Gavin Jantjes (born 1948 in District Six, Cape Town) is a South African painter, curator, writer and lecturer.

==Life==
Jantjes attended the Michaelis School of Fine Art at the University of Cape Town from 1966 to 1969. He left apartheid South Africa in 1970 on a DAAD scholarship to study at the Hochschule für bildende Künste Hamburg between 1970 and 1972. He was a founding member of the German anti-apartheid movement. He was granted political asylum in Germany in 1973. He worked as a consultant visual campaign director for the United Nations High Commissioner for Refugees from 1978 to 1982. In 1979 he published the South African Colouring Book, which consisted of eleven collaged serigraphs exploring apartheid in the format of a child's coloring book.

He moved his studio to Wiltshire, England in 1982. In 1986 he was appointed a Senior Lecturer in Fine Art at Chelsea College of Arts, The London Institute. From 1986 to 1990 he was on the council of the Arts Council of Great Britain and was its consultant for the formation of the Institute of New International Visual Art (InIVA). He also served on the advisory board of the Tate Liverpool from 1992 until 1995, and was a trustee of London's Serpentine Gallery from 1995 until 1998.
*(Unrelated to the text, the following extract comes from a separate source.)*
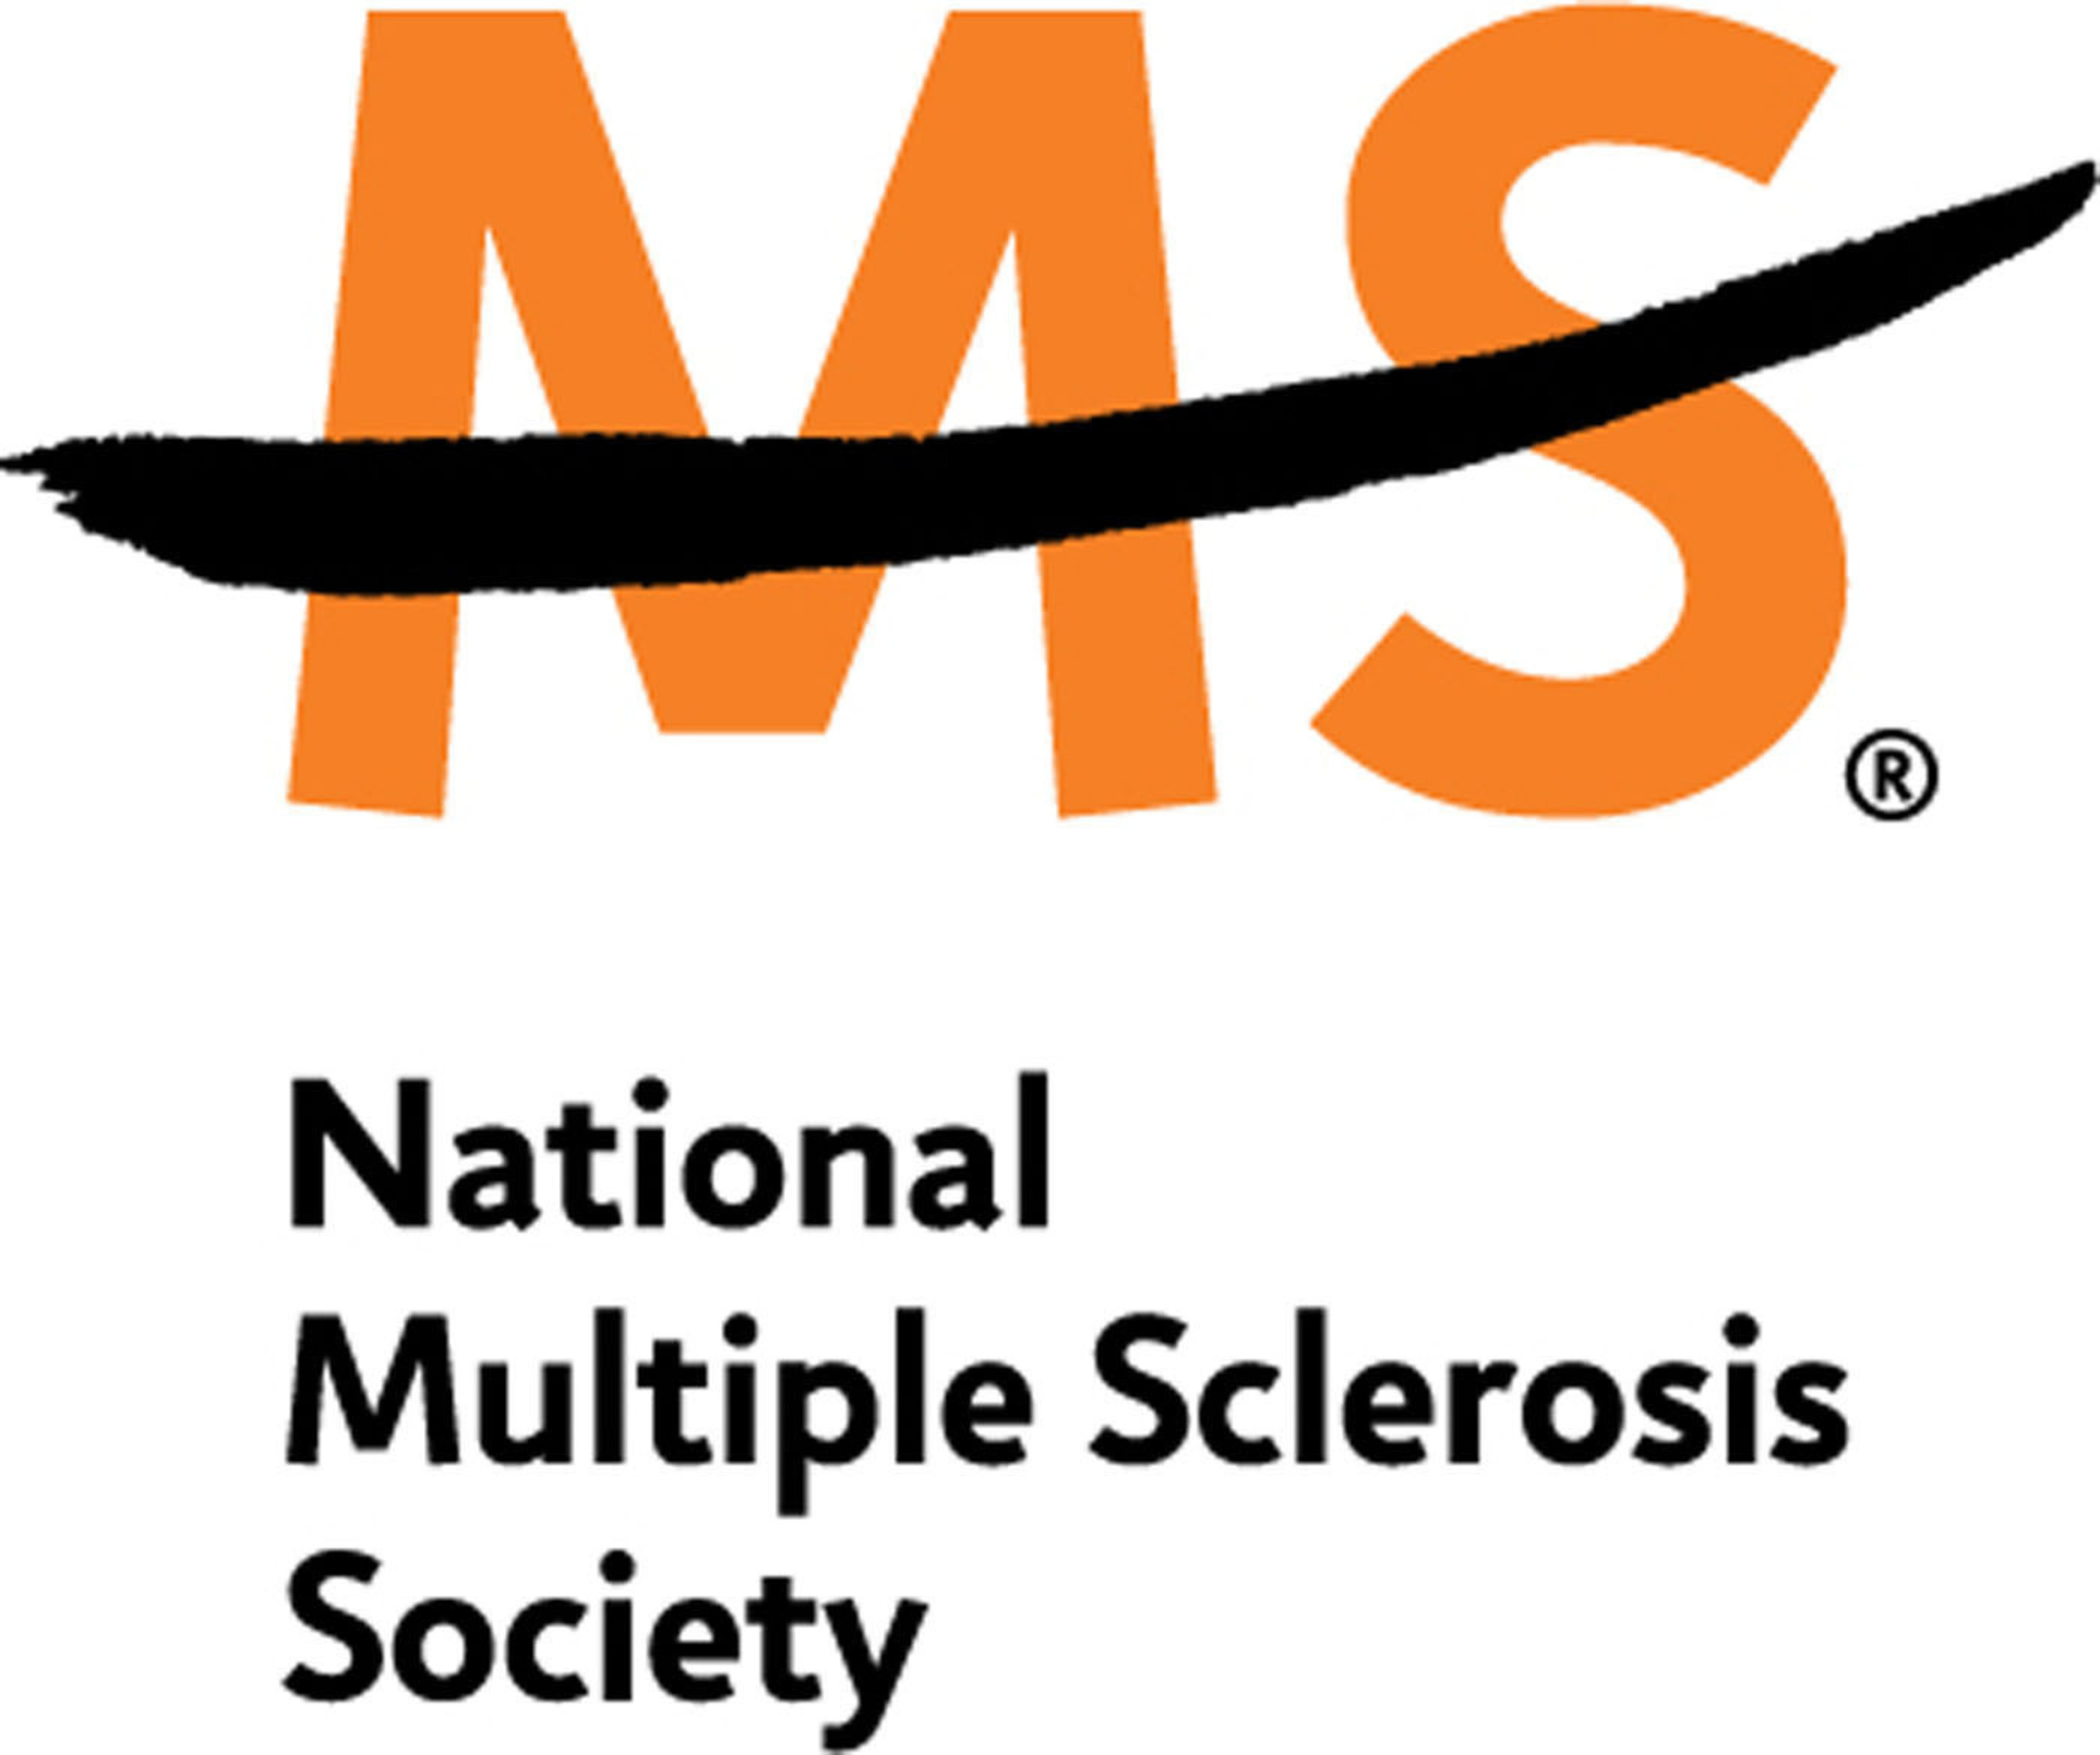 Every connection counts in the movement to end MS forever.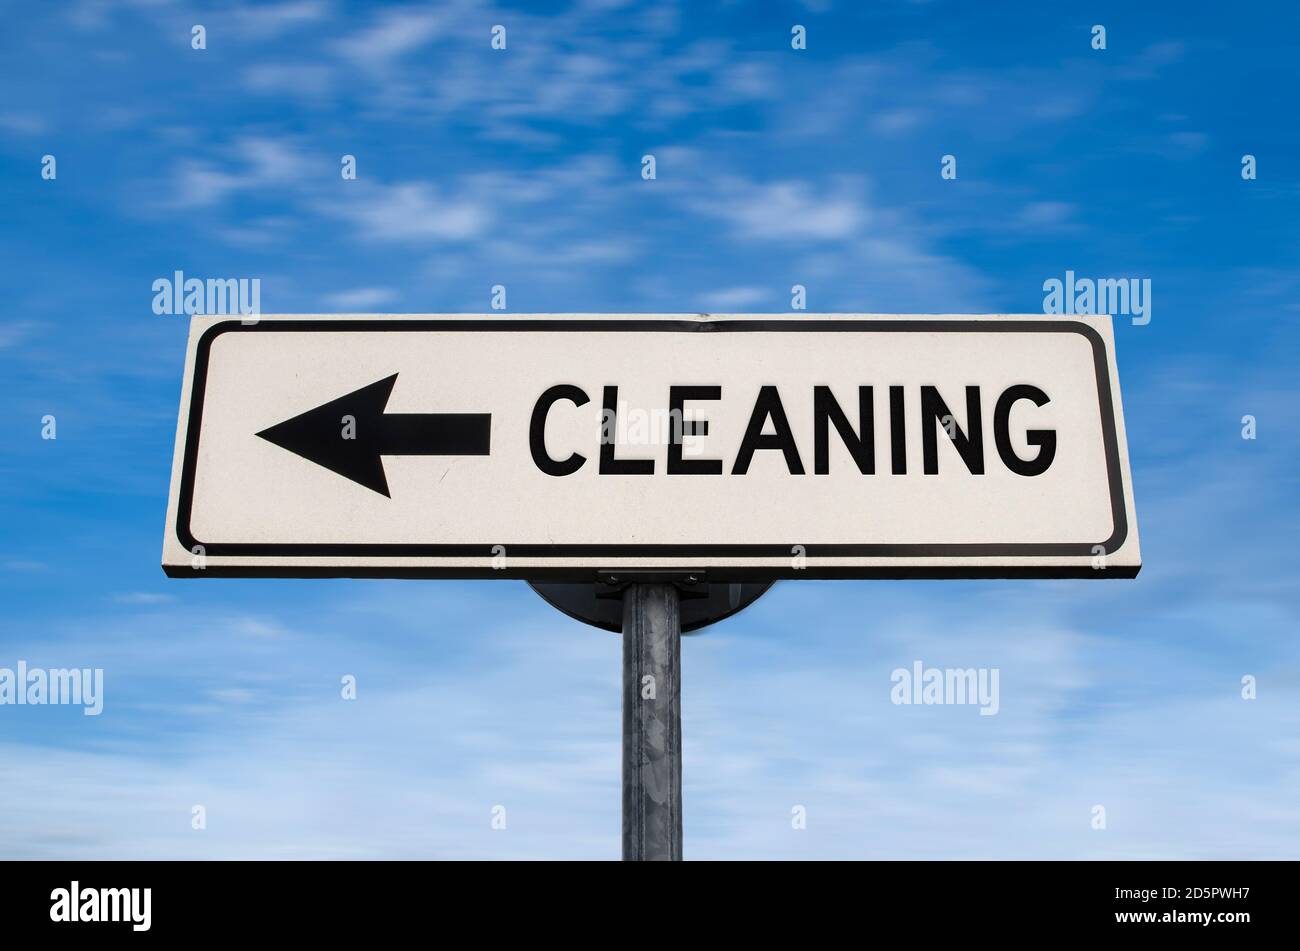 Cleaning road sign, arrow on blue sky background. One way blank road sign with copy space. Arrow on a pole pointing in one direction. Stock Photo

He became artistic director of the Henie Onstad Kunstsenter, Hovikodden, near Oslo in 1998 and curated one person exhibitions there of Gordon Bennett, Yinka Shonibare, Susan Hiller, Marie-Jo Lafontaine, Shirin Neshat, Marlene Dumas and Carlos Capelan.

In 2004 he joined the National Museum of Art, Architecture and Design, Oslo, as its Senior Consultant for International Contemporary Exhibitions: he curated exhibitions there on Amar Kanwar, Harun Farocki and Nicholas Hlobo. He was also the Project Director of the Visual Century Project on 20th Century and contemporary South African resulting in the publication, Visual Century: South African Art in Context (2011).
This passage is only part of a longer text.